Aim of the exercise: The lines from the one with "South Dakota State’s" through the last line of the material below, copied exactly and free of pictures, make up the whole answer.

Exercise data Block Start

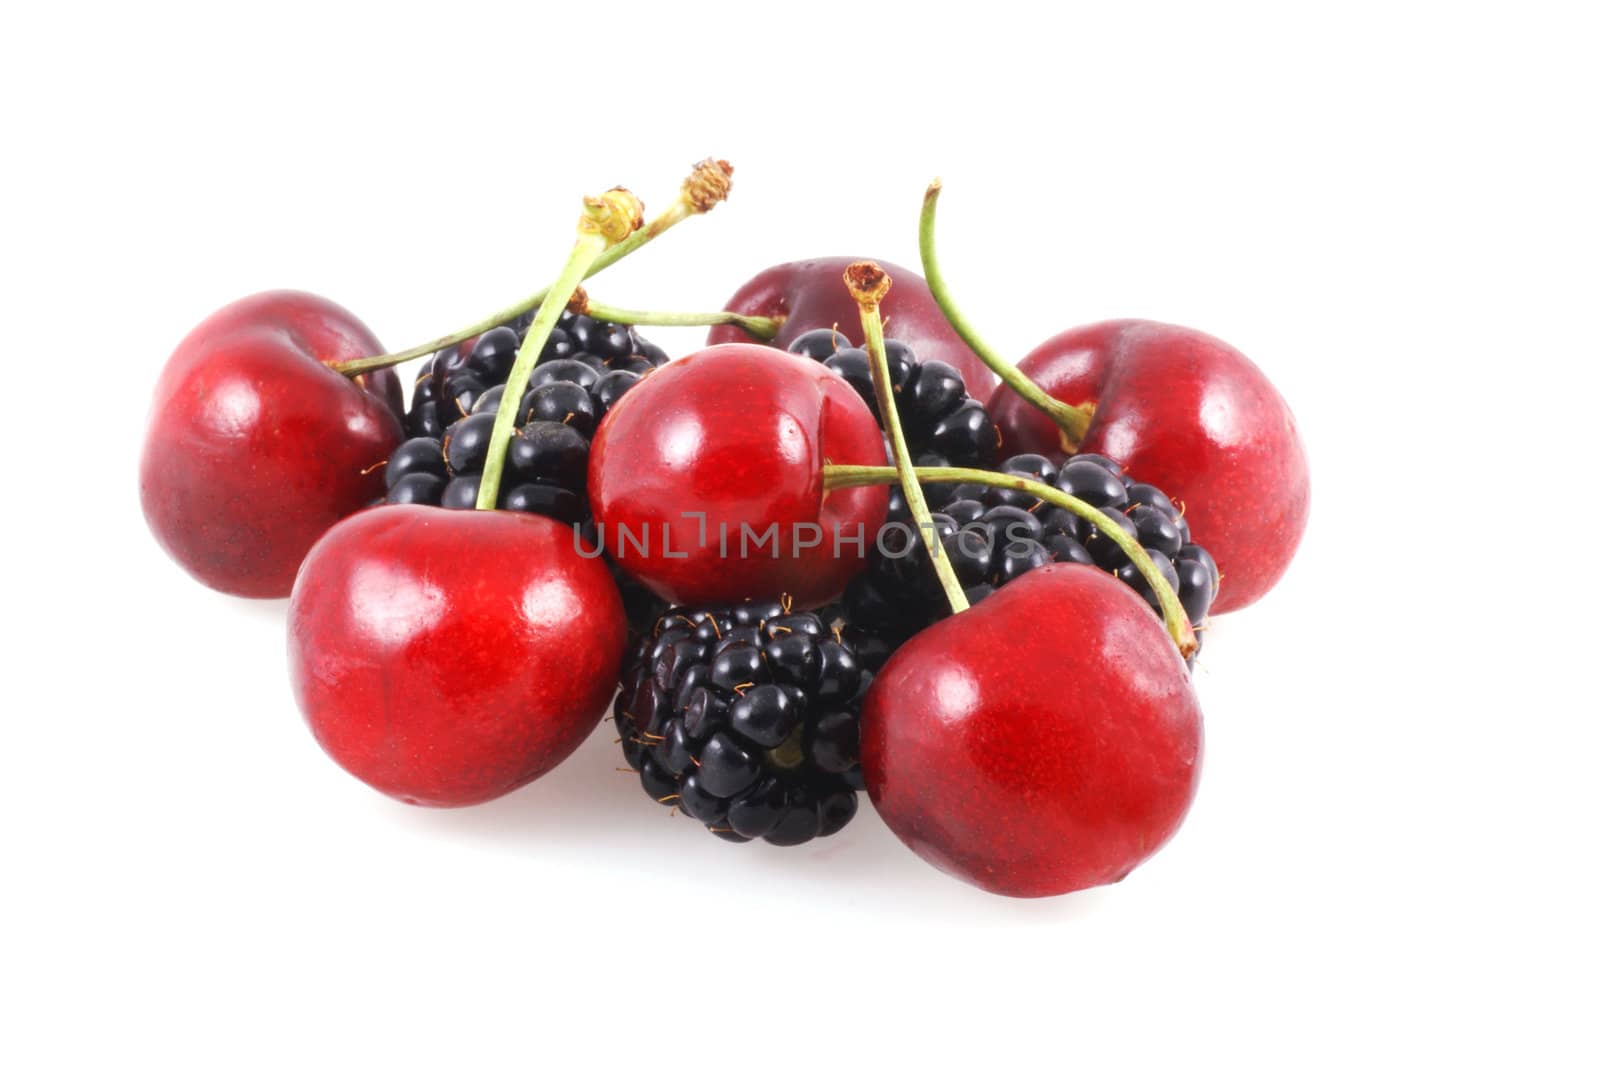 Bunch of cherries and berries isolated on a white background.
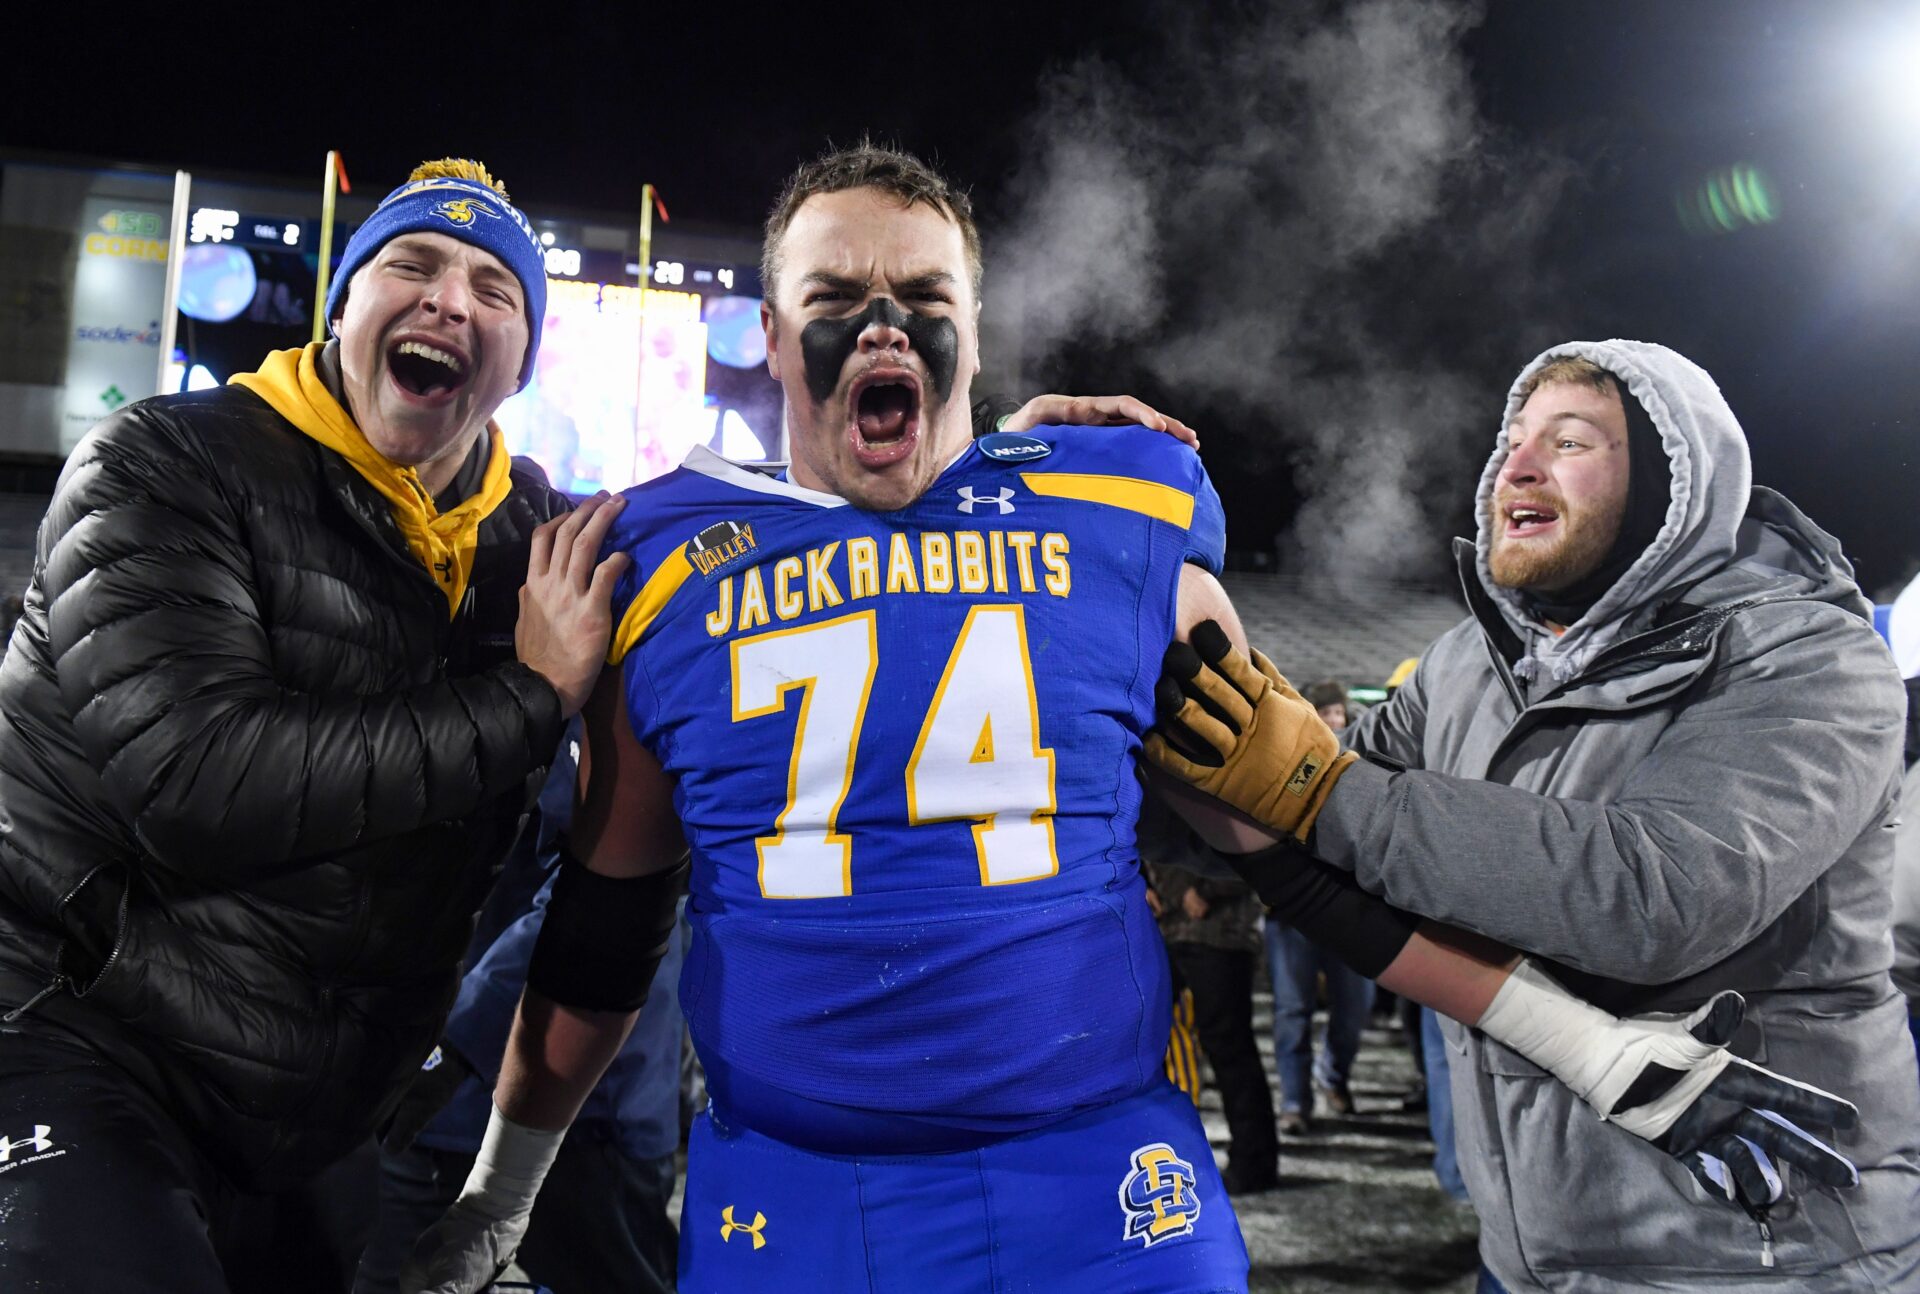 South Dakota State’s Garret Greenfield yells in celebration with friends after the team beats Montana State in the FCS semifinals on Saturday, December 17, 2022, at Dana J. Dykhouse Stadium in Brookings, SD.
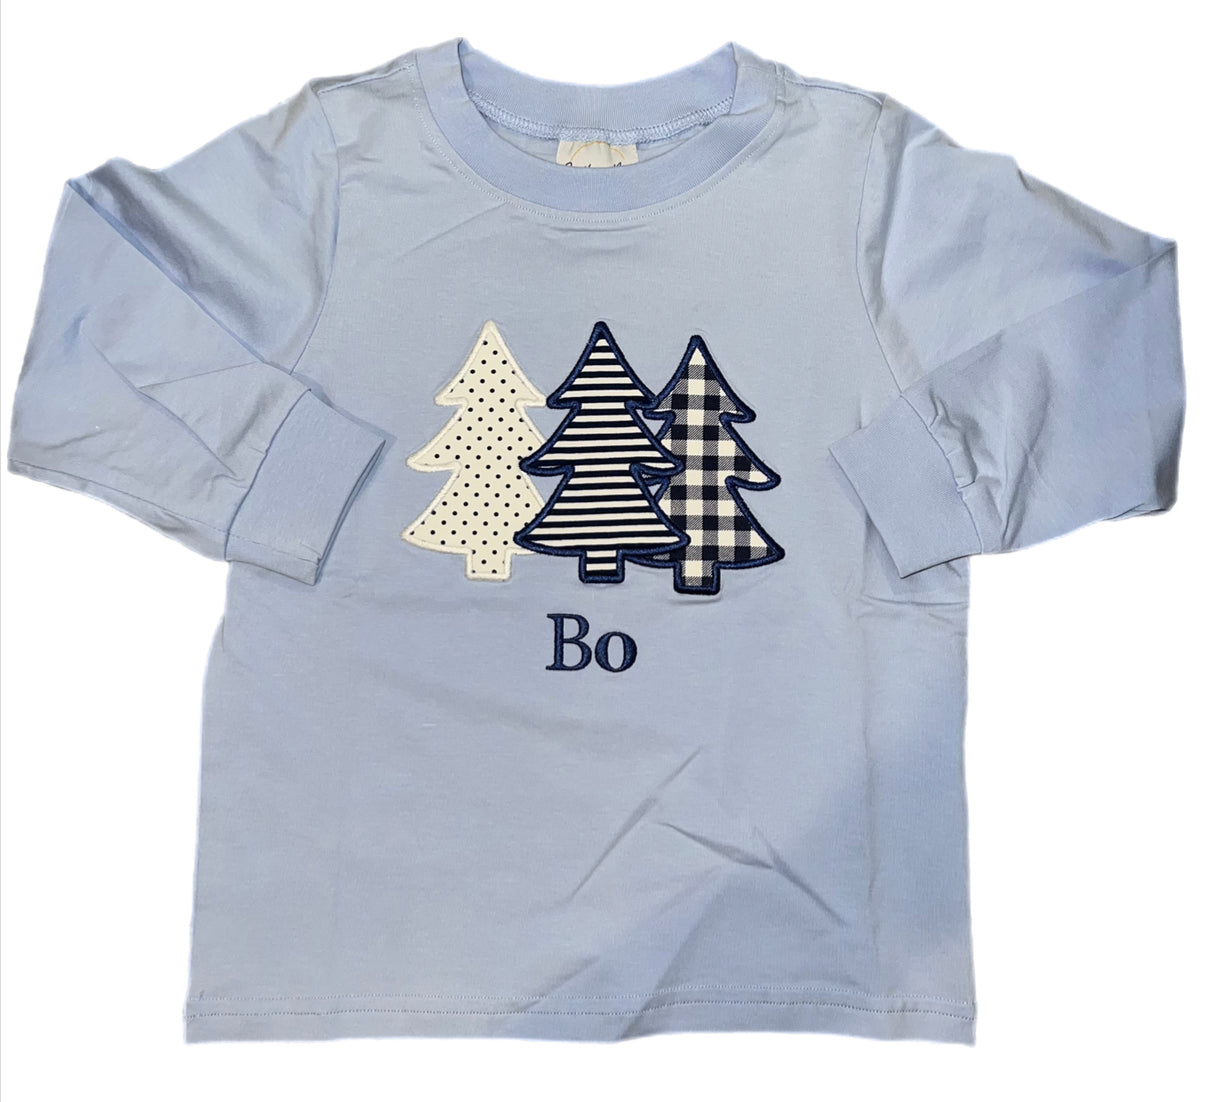 RTS: SBSC- Mix & Match Collection- Boys Trio Tree Applique- Knit Shirt “Bo”

Exercise data Block End

Answer for the task:
 South Dakota State’s Garret Greenfield yells in celebration with friends after the team beats Montana State in the FCS semifinals on Saturday, December 17, 2022, at Dana J. Dykhouse Stadium in Brookings, SD.
 RTS: SBSC- Mix & Match Collection- Boys Trio Tree Applique- Knit Shirt “Bo”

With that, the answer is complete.